* **Dataset content**

- - - - - - -

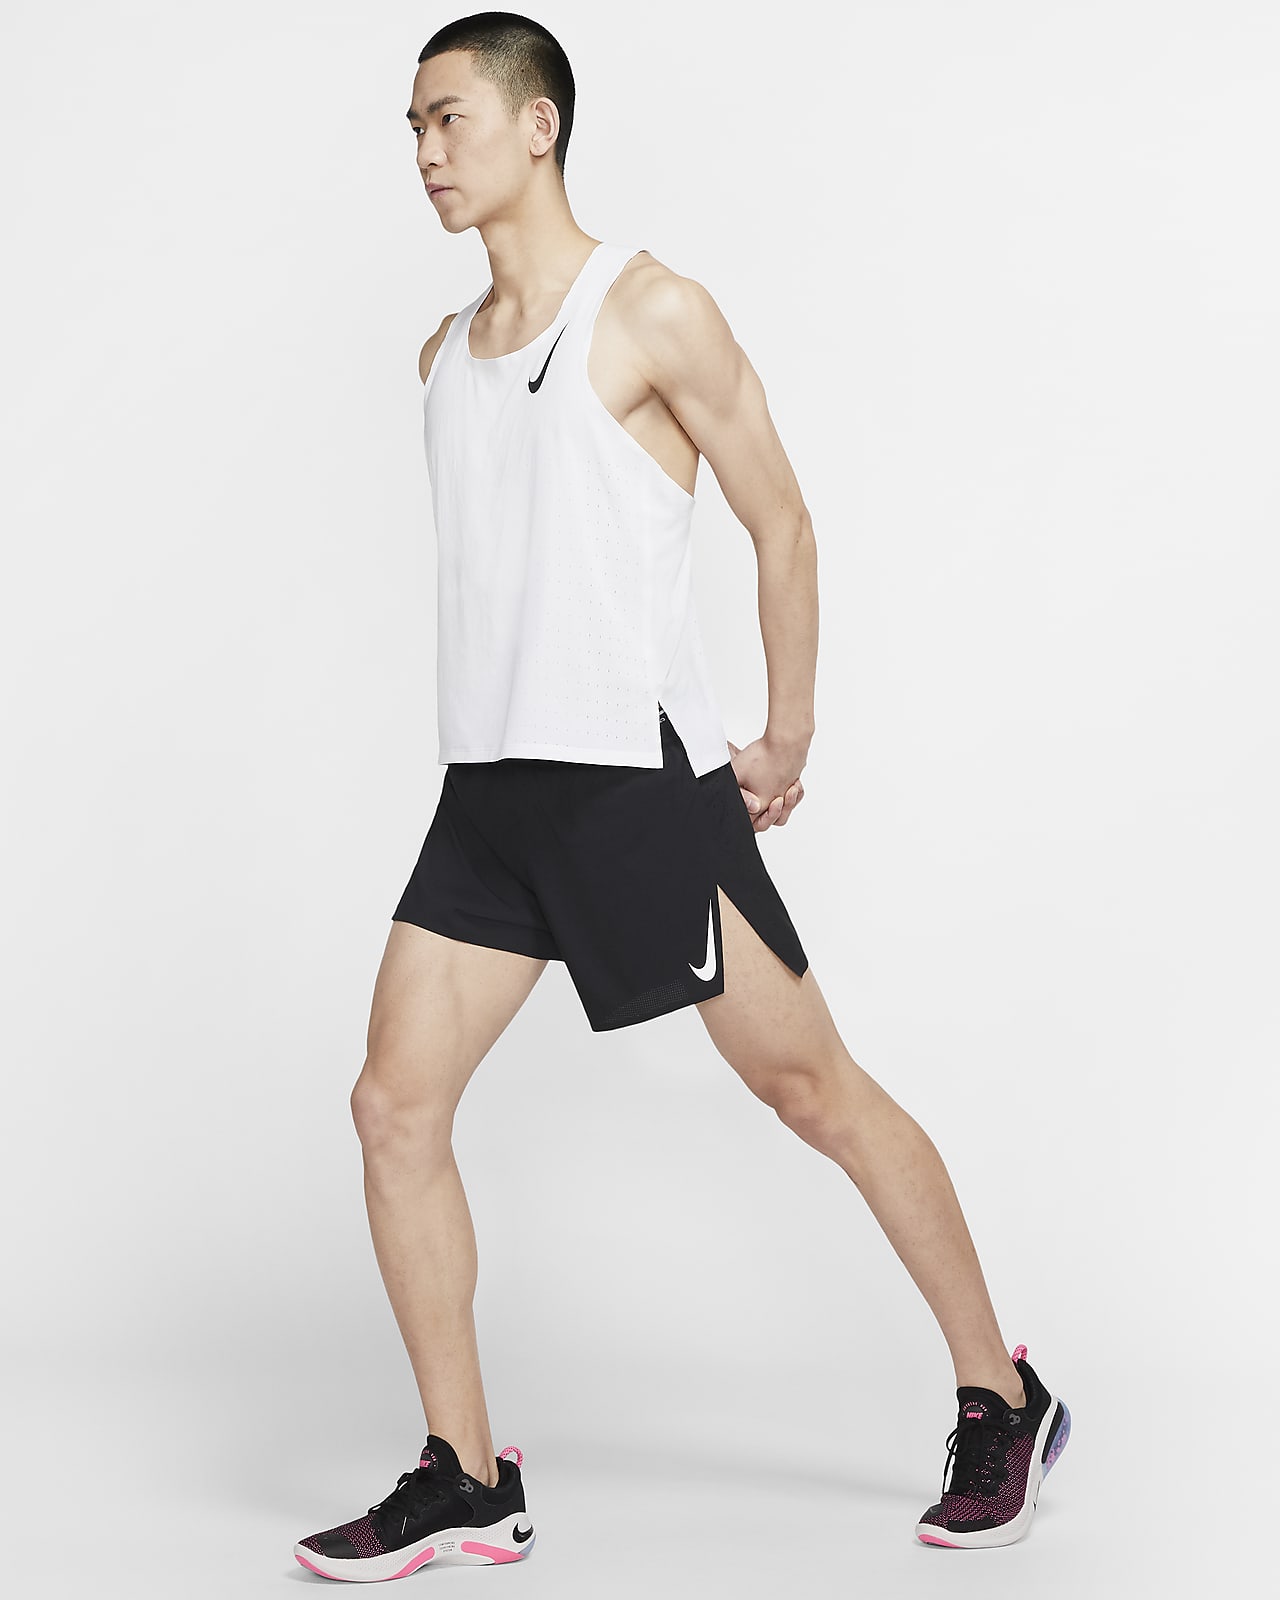 Men's Running Shorts. Nike ID
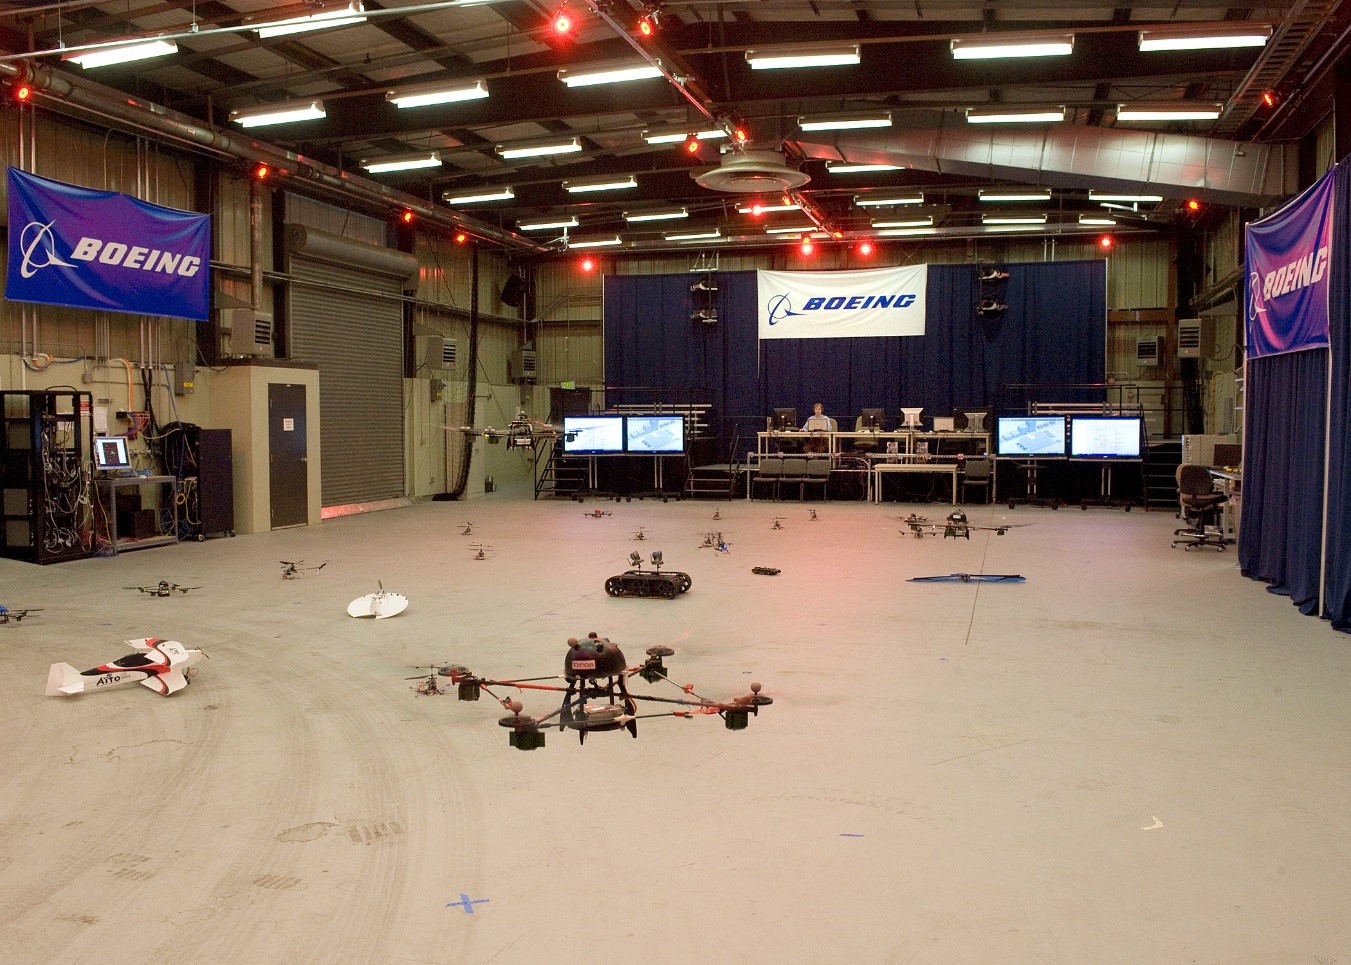 図3：シアトルのボーイング社の試験施設。外部の視覚システムによって用いられているカメラの位置は、天井の赤い照明が取り付けられている場所。
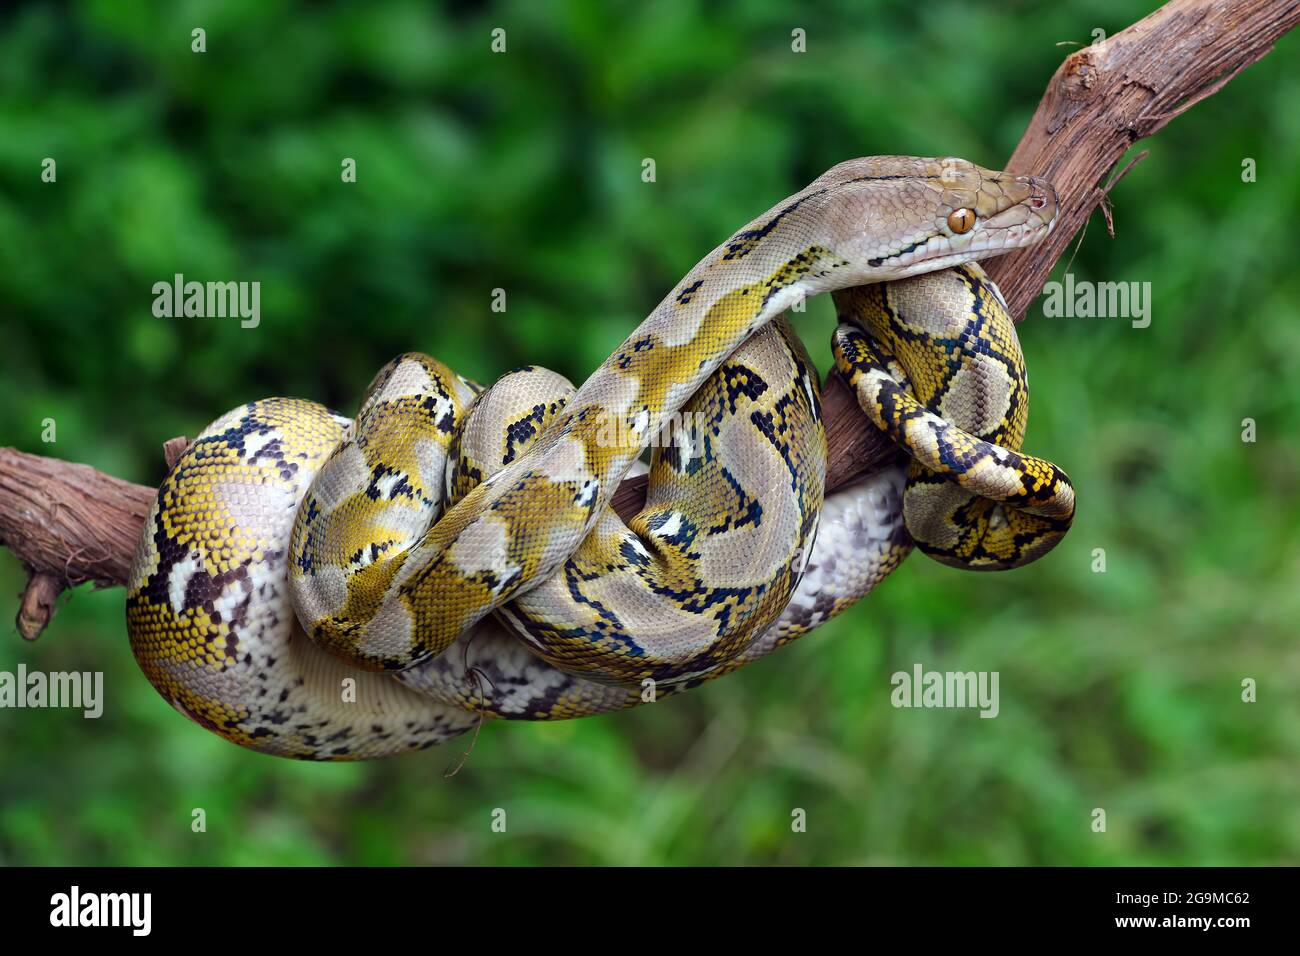 Les serpents Python habitent dans des troncs d'arbre Banque D'Images
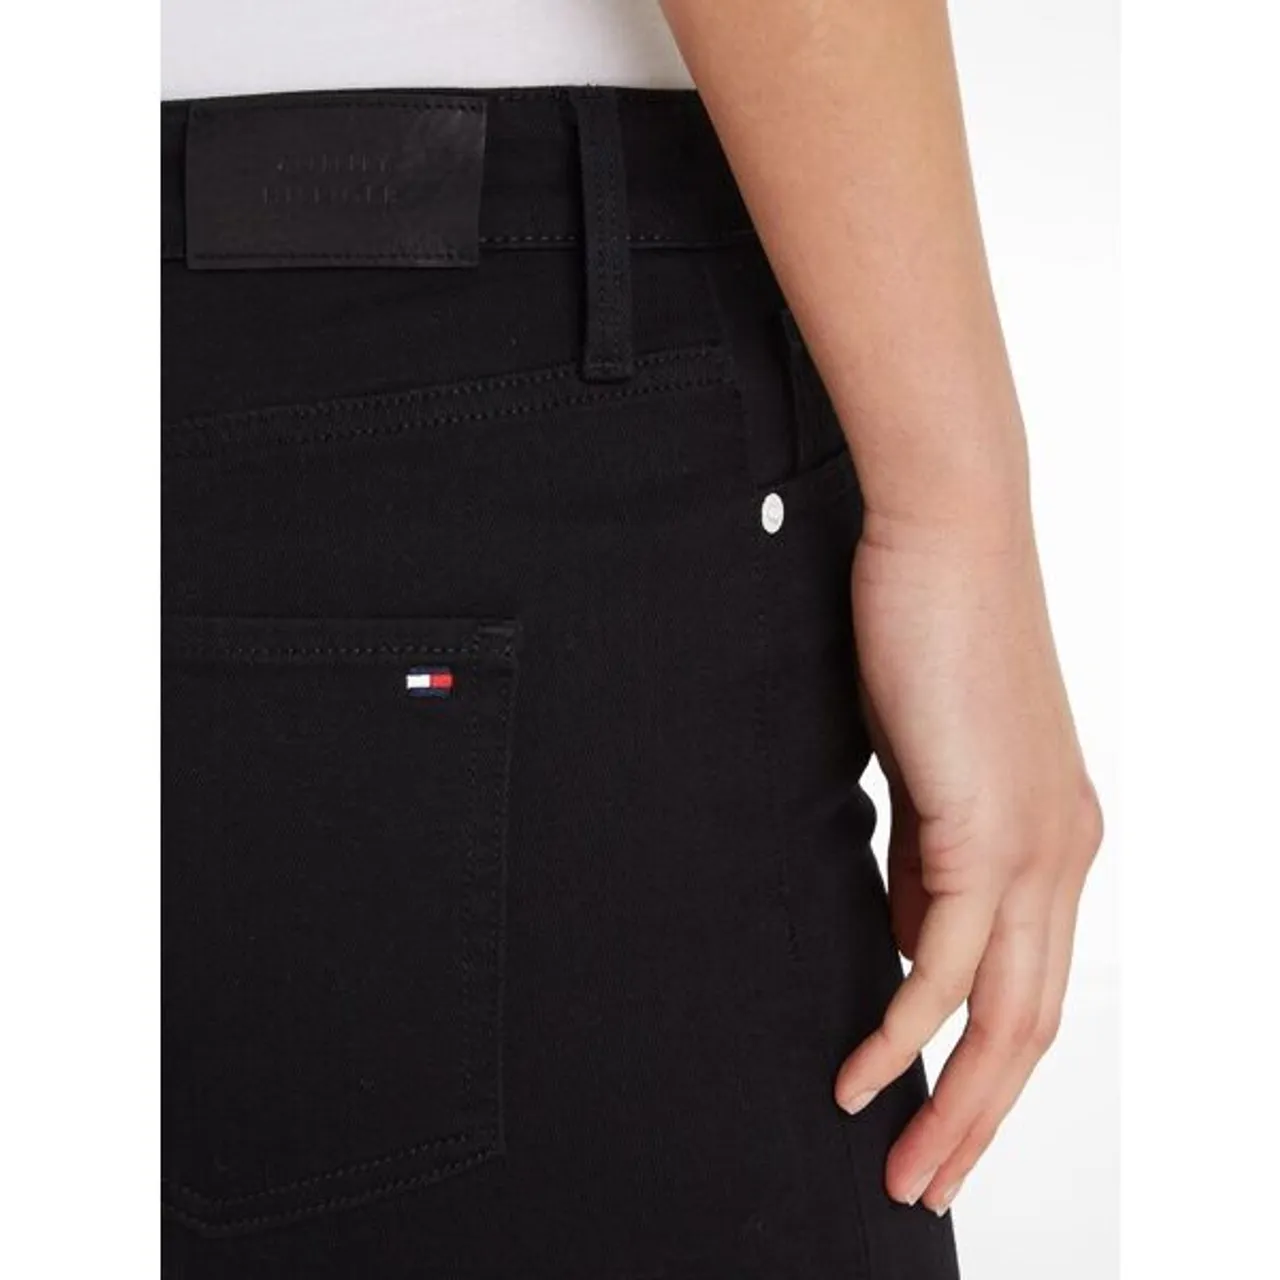 Bootcut-Jeans TOMMY HILFIGER Gr. 31, Länge 32, schwarz (black) Damen Jeans Bootcut mit Bügelfalten

- - - - - - -

* **Your goal**
Transcribe every line of the listing above exactly; skip the pictures.

* **Solution for this exercise**
 Men's Running Shorts. Nike ID
 図3：シアトルのボーイング社の試験施設。外部の視覚システムによって用いられているカメラの位置は、天井の赤い照明が取り付けられている場所。
 Les serpents Python habitent dans des troncs d'arbre Banque D'Images
 Bootcut-Jeans TOMMY HILFIGER Gr. 31, Länge 32, schwarz (black) Damen Jeans Bootcut mit Bügelfalten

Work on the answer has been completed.